In an exemplary embodiment, the computer readable storage medium may include, but is not limited to, a U disk, a Read-Only Memory (ROM), a random access Memory (Random Access Memory, RAM), a removable hard disk, a magnetic disk, or an optical disk, etc. various media in which a computer program may be stored.
The embodiments of the present application also provide a computer program product, which includes a computer program, and the computer program when executed by a processor implements the steps in any of the embodiments of the method for configuring a hard disk array.
Embodiments of the present application also provide another computer program product comprising a non-volatile computer readable storage medium storing a computer program which, when executed by a processor, implements the steps of any of the configuration method embodiments of a hard disk array described above.
Those of skill would further appreciate that the various illustrative elements and algorithm steps described in connection with the embodiments disclosed herein may be implemented as electronic hardware, computer software, or combinations of both, and that the various illustrative elements and steps are described above generally in terms of functionality in order to clearly illustrate the interchangeability of hardware and software. Whether such functionality is implemented as hardware or software depends upon the particular application and design constraints imposed on the solution. Skilled artisans may implement the described functionality in varying ways for each particular application, but such implementation decisions should not be interpreted as causing a departure from the scope of the present application.

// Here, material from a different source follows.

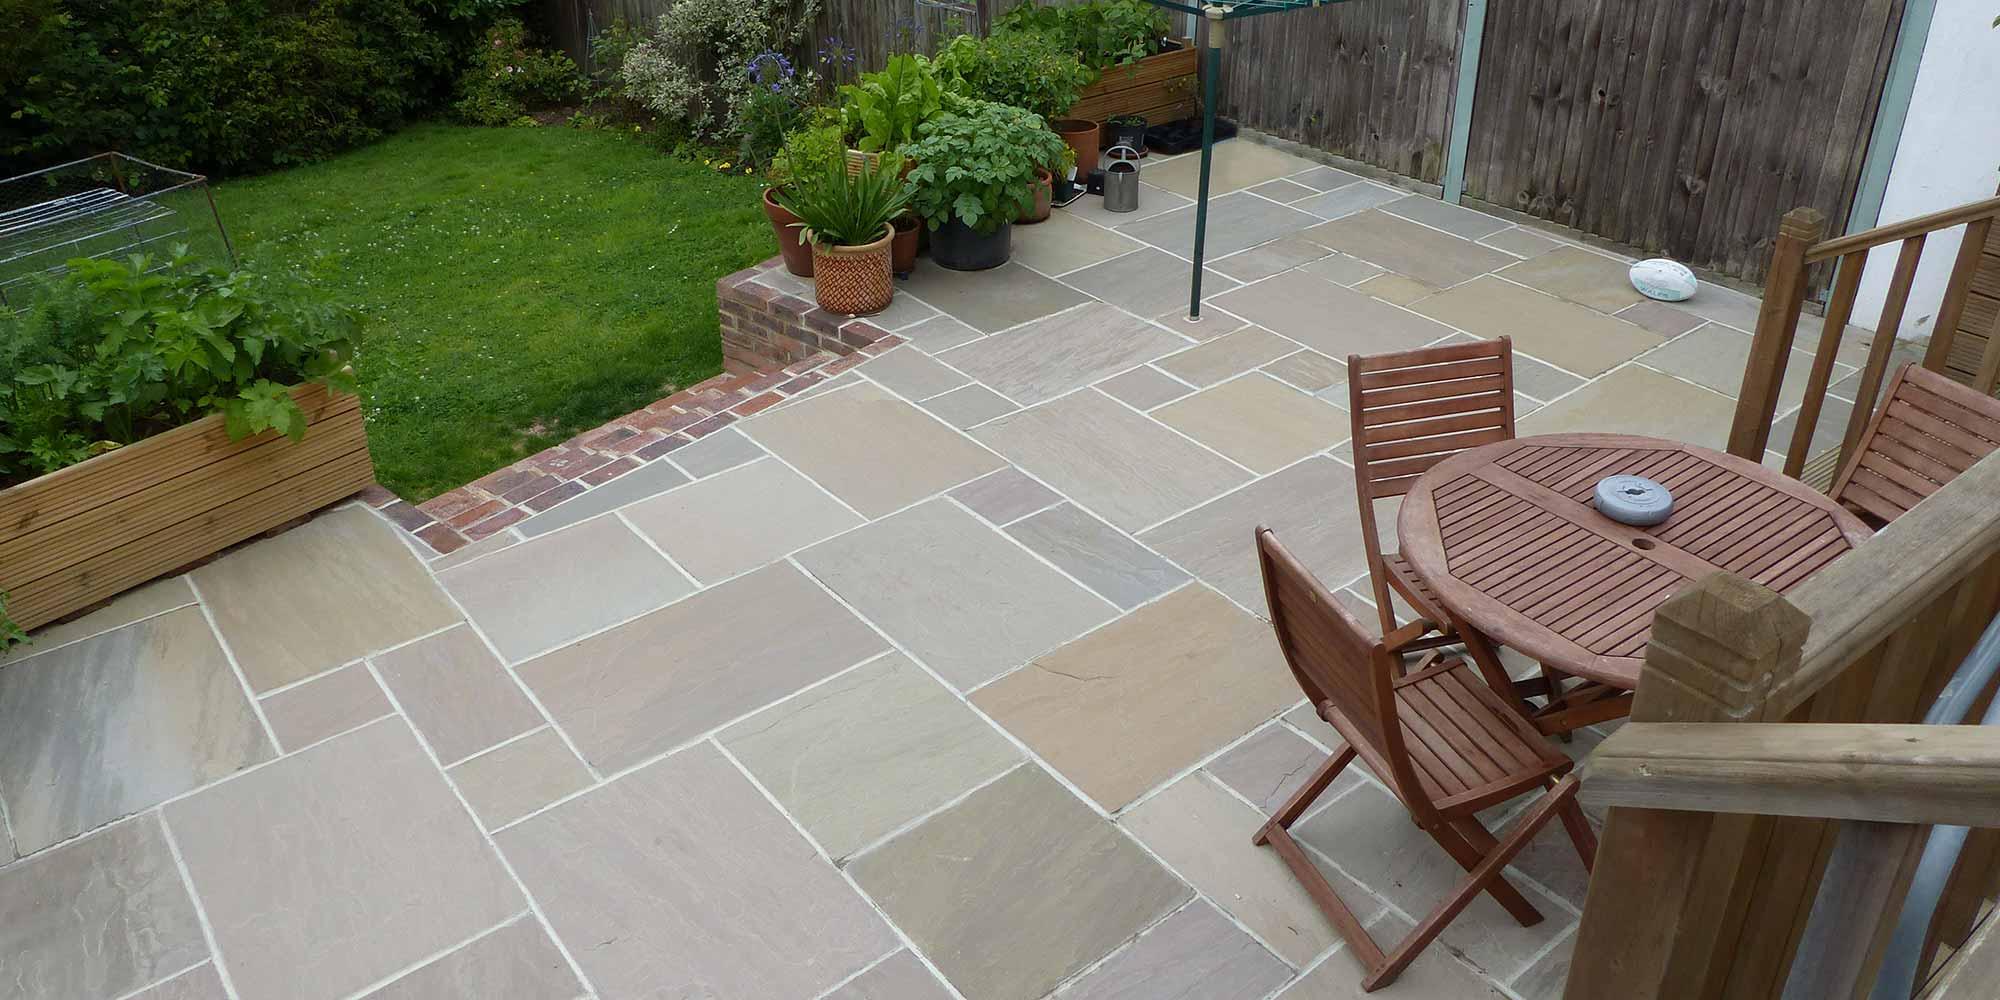 pedra-natural-piso-quintal

The method and the device for configuring the hard disk array, the storage medium and the electronic equipment provided by the application are described in detail. The principles and embodiments of the present application have been described herein with reference to specific examples, the description of which is intended only to facilitate an understanding of the method of the present application and its core ideas. It should be noted that it will be apparent to those skilled in the art that various modifications and adaptations of the application can be made without departing from the principles of the application and these modifications and adaptations are intended to be within the scope of the application as defined in the following claims.